Карданов немецким тесаком щепал у порога лучину. Баба Люся кряхтя полезла на печку, где все еще лежала Сталина. Верка с Тамаркой с подстилками собирались идти спать на сеновал. Вадим с Гришкой загоняли с улицы в хату трех курочек-пеструшек во главе с маленьким нахальным петушком. Куры летали по сеням и ни в какую не желали отправляться в свое ночное убежище — под печку.
После массажа Ромка забыл о своих недавних горестях, его тельце налилось теплом и бодростью. Он натянул на себя рубаху, кое-как заправил ее в штаны и, косолапя, помчался за девчонками на сеновал. По пути он напугал петушка, и тот, хлопая крыльями, как сумасшедший заметался по темным углам сеней. Вадим хотел Ромке дать шлепка, но тот увернулся и выскочил на улицу.
Овечья травка уже поблескивала росой. Ромка поднял к небу лицо, и перед ним открылась потрясающей величественности звездная ширь. А в самом ее центре — огромный и чистый плавал лунный шар. В его перламутровом свете отчетливо белел большак, за ним поблескивало болотце с курившимся над ним туманом. На какое-то мгновение ребенок остался один на один с ночью и, по-видимому, осознавая свою затерянность и второстепенность в огромном мире, его сердечко екнуло, затосковало.
— Ромашка! — — позвала его из пуни Тамарка.
— Рома, иди, сказку расскажу, — вторила ей Верка. И Волчонок, придерживая спадающую с плеча лямку, пробежал через двор на сеновал. Невидимый, он начал взбираться к притаившимся где-то высоко, под самой крышей, девчонкам. Они замерли, прислушиваясь, как Ромка, пыхтя и сопя, преодолевает сеновал.
Вскоре к ним присоединились Гришка с Вадимом, и такой в пуньке начался гвалт и визг, что находящаяся рядом, в хлеву, коза не выдержала и жалобно заблеяла.
Долго не спали дети, по очереди рассказывая страшные истории. Особенно Ромку напугали фантазии Верки: «…И вдруг я услышала какие-то посторонние звуки: тук, тук, тук… Словно с высоты падают капли воды».

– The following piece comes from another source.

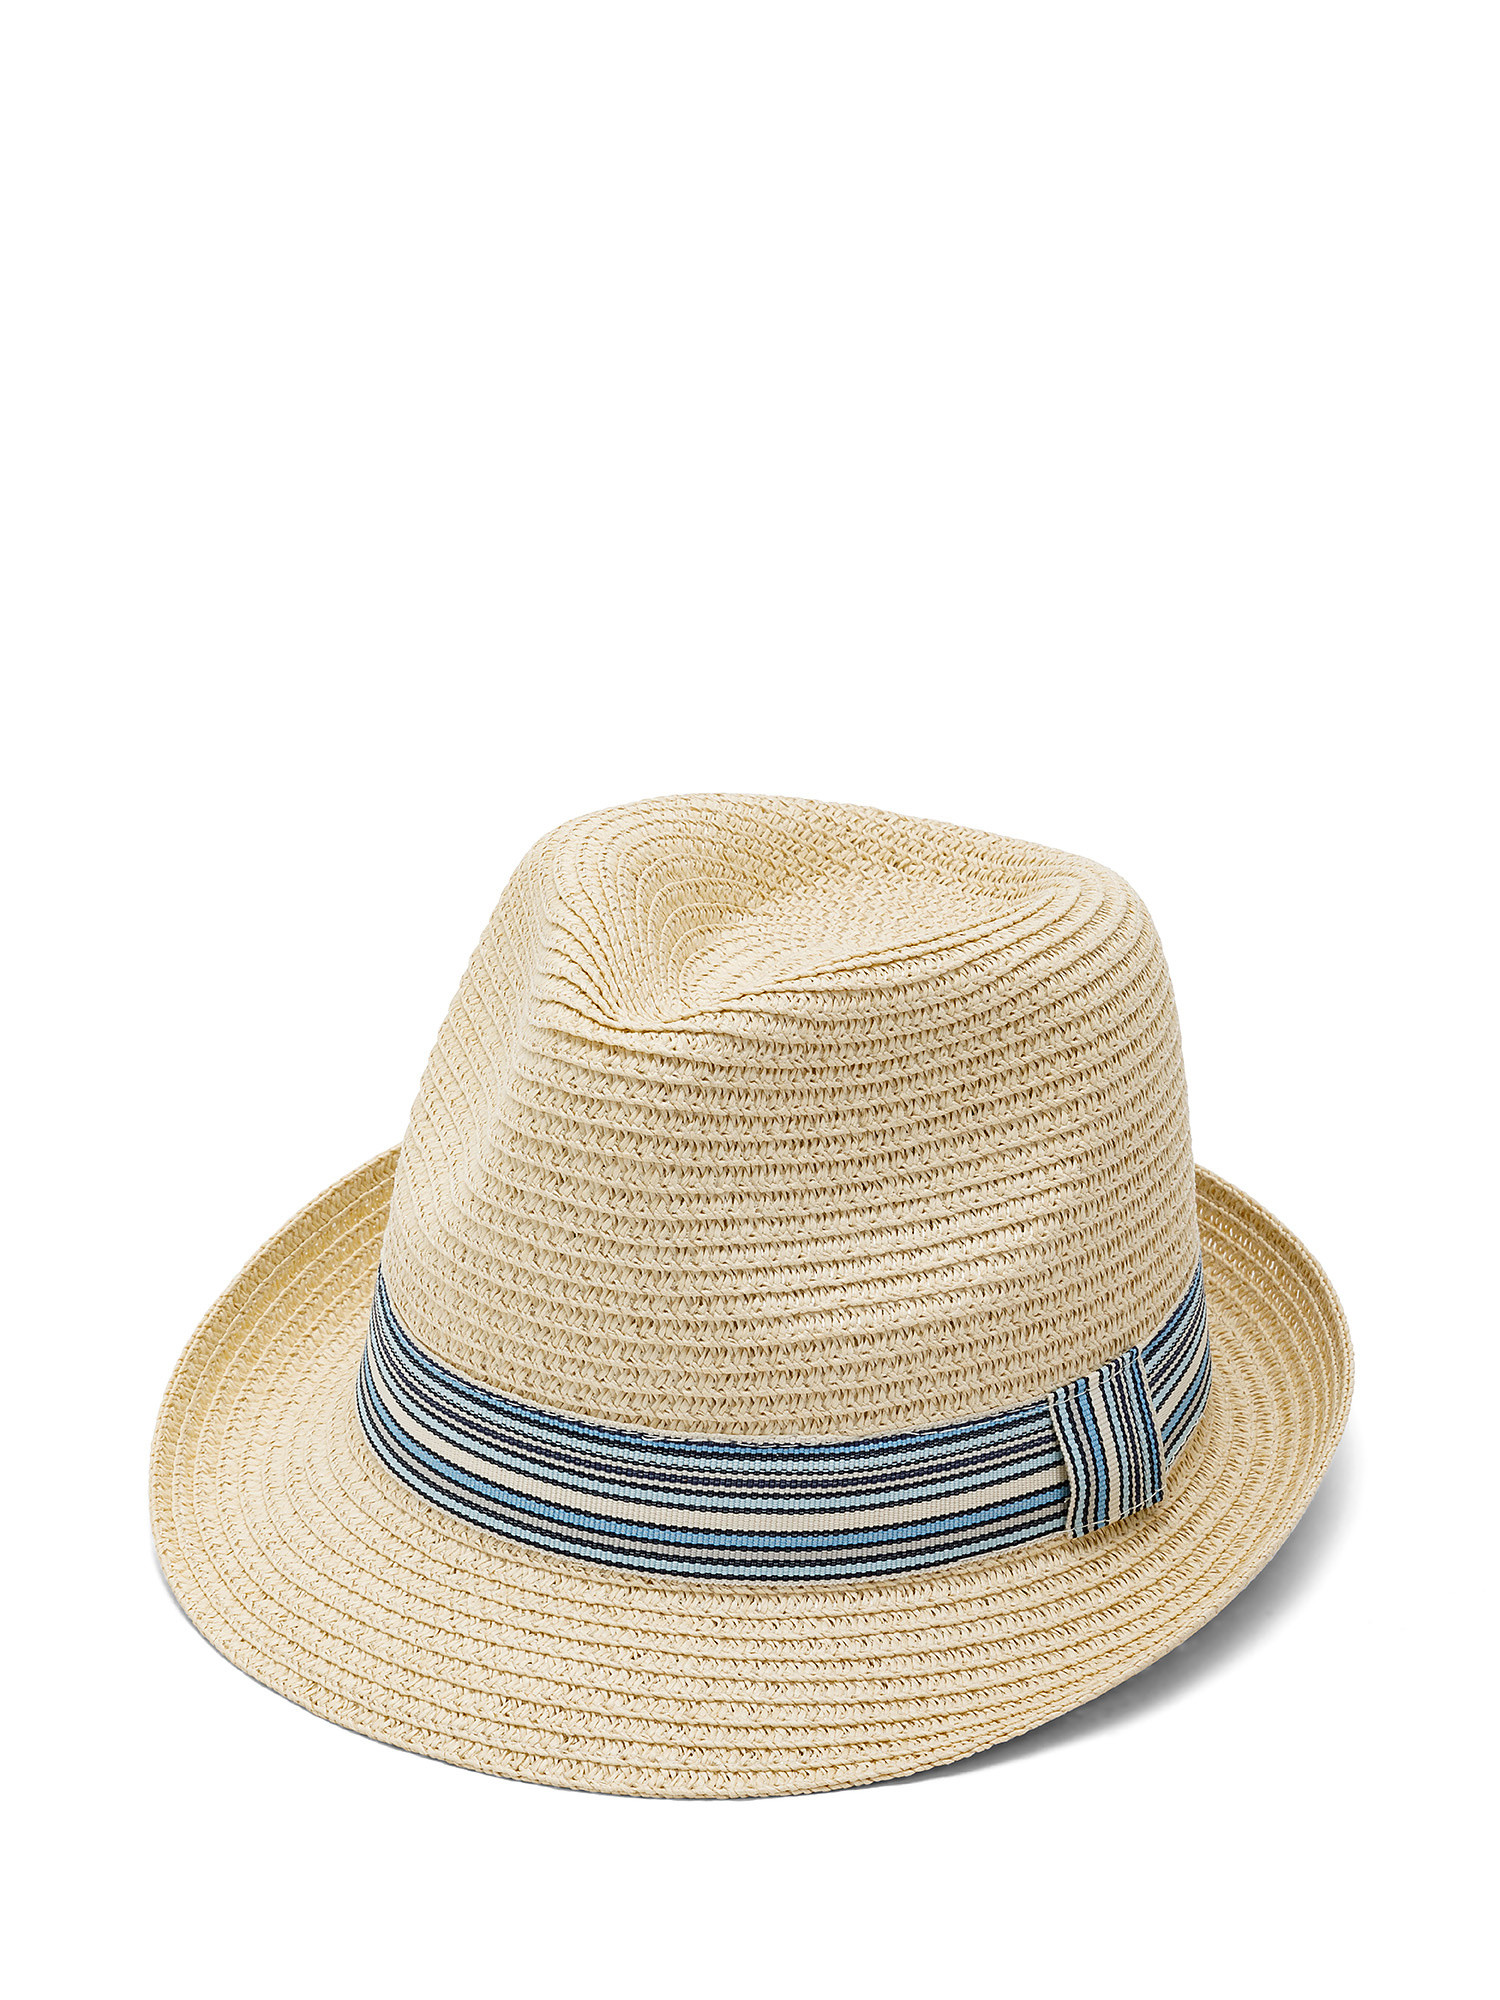 Luca D'Altieri - Alpine hat with ribbon, Beige, large image number 0

На сеновале воцарилась абсолютная тишина. Ромка, лежавший между Веркой и Тамаркой, помимо своей воли стал вдавливаться в сено. Верка, между тем, продолжала: «Тук, тук, тук… Я прислушалась, откуда исходит этот звук, и поняла: он исходит из большого, очень красивого шкафа. Я поднялась со стула и на цыпочках подошла к шкафу. И еще отчетливее услышала это тук, тук, тук. И вот я не выдержала неизвестности и тихонечко приоткрыла дверцу… И что я в шкафу увидела…»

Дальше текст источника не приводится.